USA TECHNOLOGIES, INC. (NASDAQ:USAT) Files An 8-K Departure of Directors or Certain Officers; Election of Directors; Appointment of Certain Officers; Compensatory Arrangements of Certain OfficersItem 5.02. Departure of Directors or Certain Officers; Election of Directors; Appointment of Certain Officers; Compensatory Arrangements of Certain Officers.
(b) Effective April 16, 2018, Mandeep Arora resigned as Chief Product Officer of USA Technologies, Inc. (the “Company”). Mr. Arora’s resignation was not a result of any disagreement with the Company, its management or Directors on any matter relating to the operations, policies or practices of the Company.
(e) On April 14, 2018, the Company and Mr. Arora entered into a Separation Agreement and Release (the “Separation Agreement”). to the Separation Agreement, Mr.

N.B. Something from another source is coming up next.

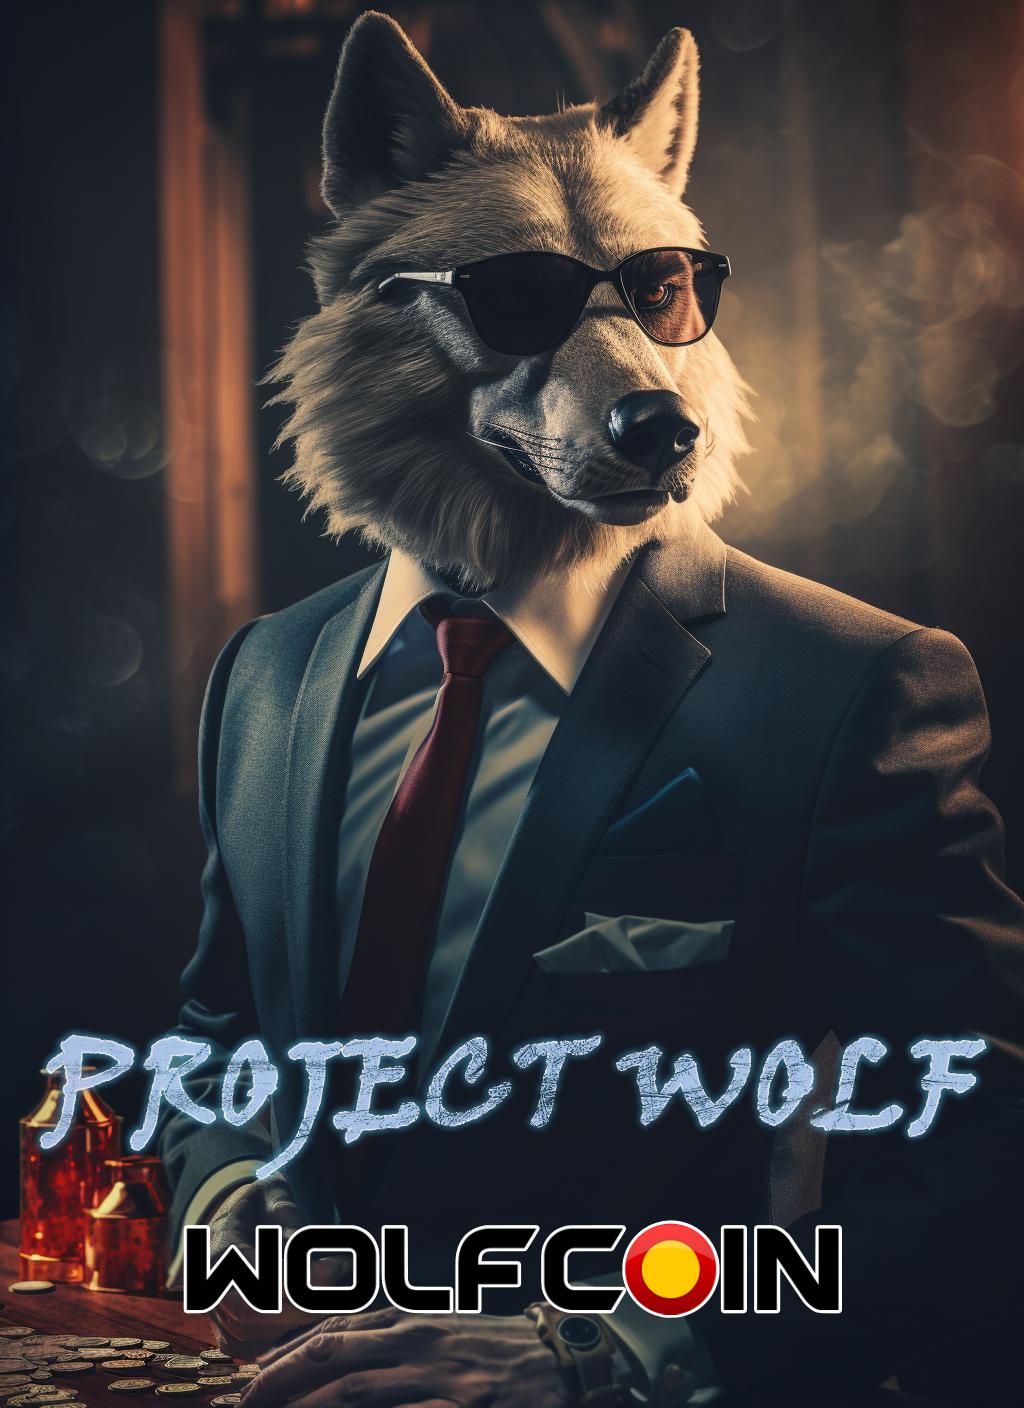 storm2day_Attracting_Wolf-faced_Investors_HD_4K_e801ee92-5b29-42f7-bb71-24b41a7c68ab.png.jpg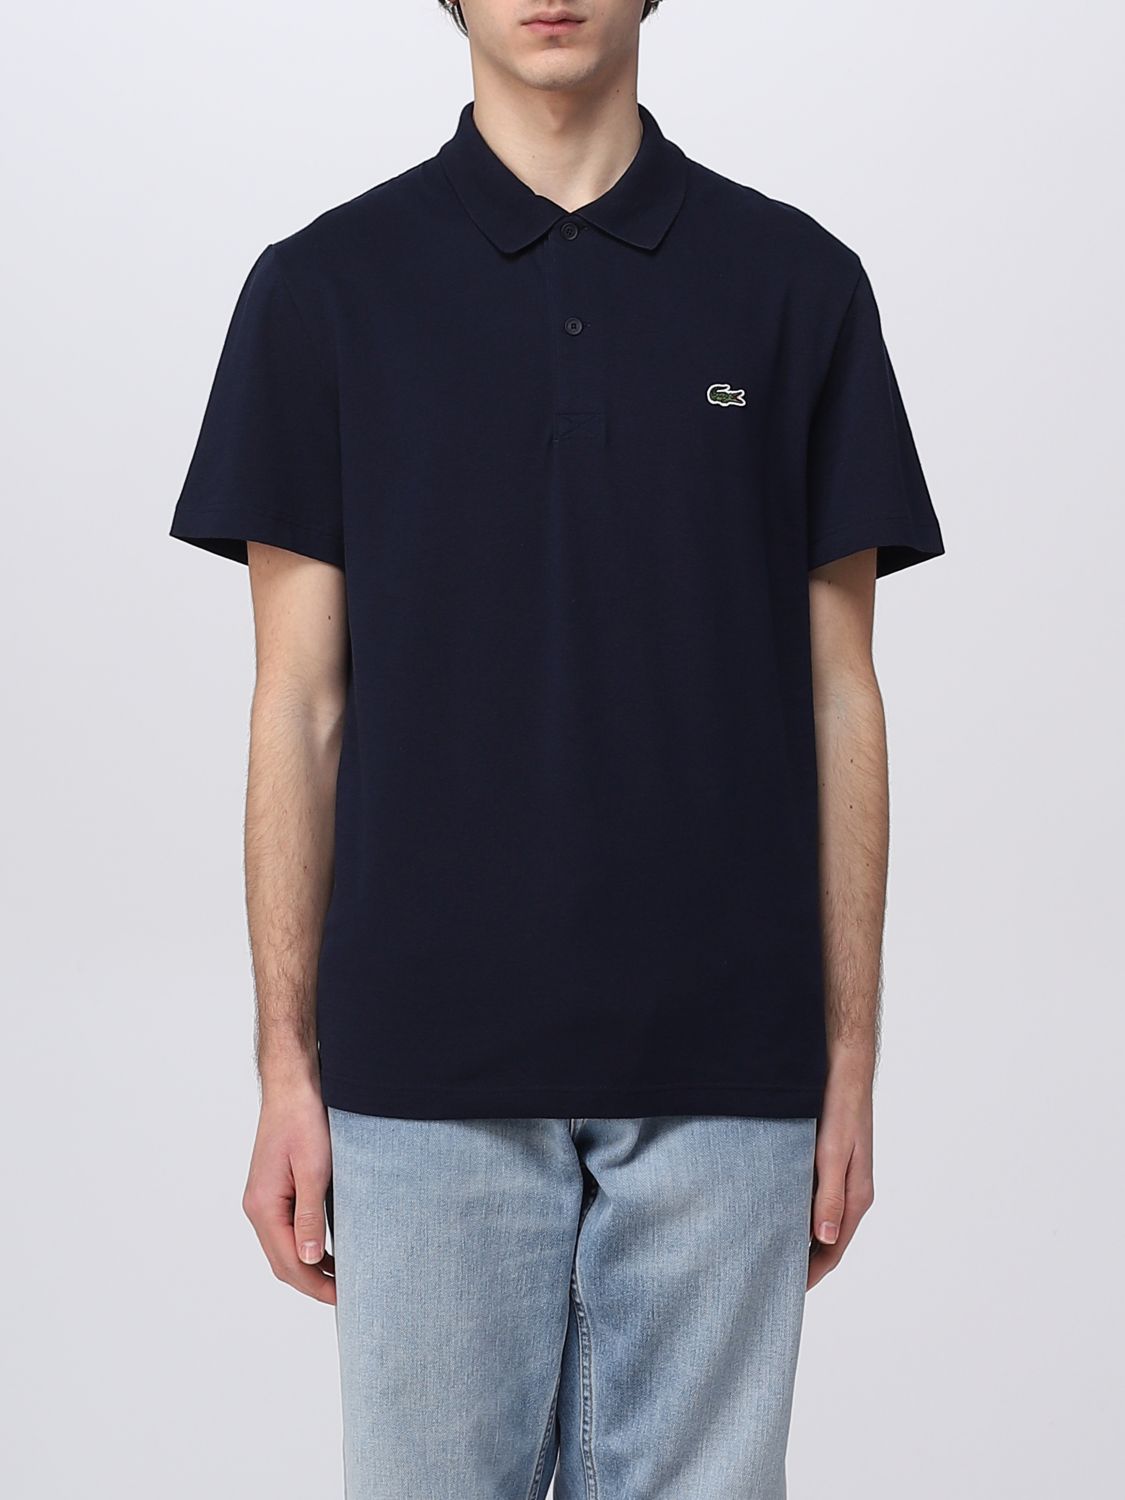 LACOSTE: polo shirt for man - Navy | Lacoste polo shirt DH0783 online ...

Arora resigned as Chief Product Officer of the Company, effective April 16, 2018.
The Separation Agreement sets forth the severance and benefits which Mr. Arora will receive from the Company following his resignation, and replaces the severance and benefits provided for under his Employment, Non-Interference, Non-Solicitation, Non-Competition and Invention Assignment Agreement dated November 9, 2017 with the Company (the “Employment Agreement”).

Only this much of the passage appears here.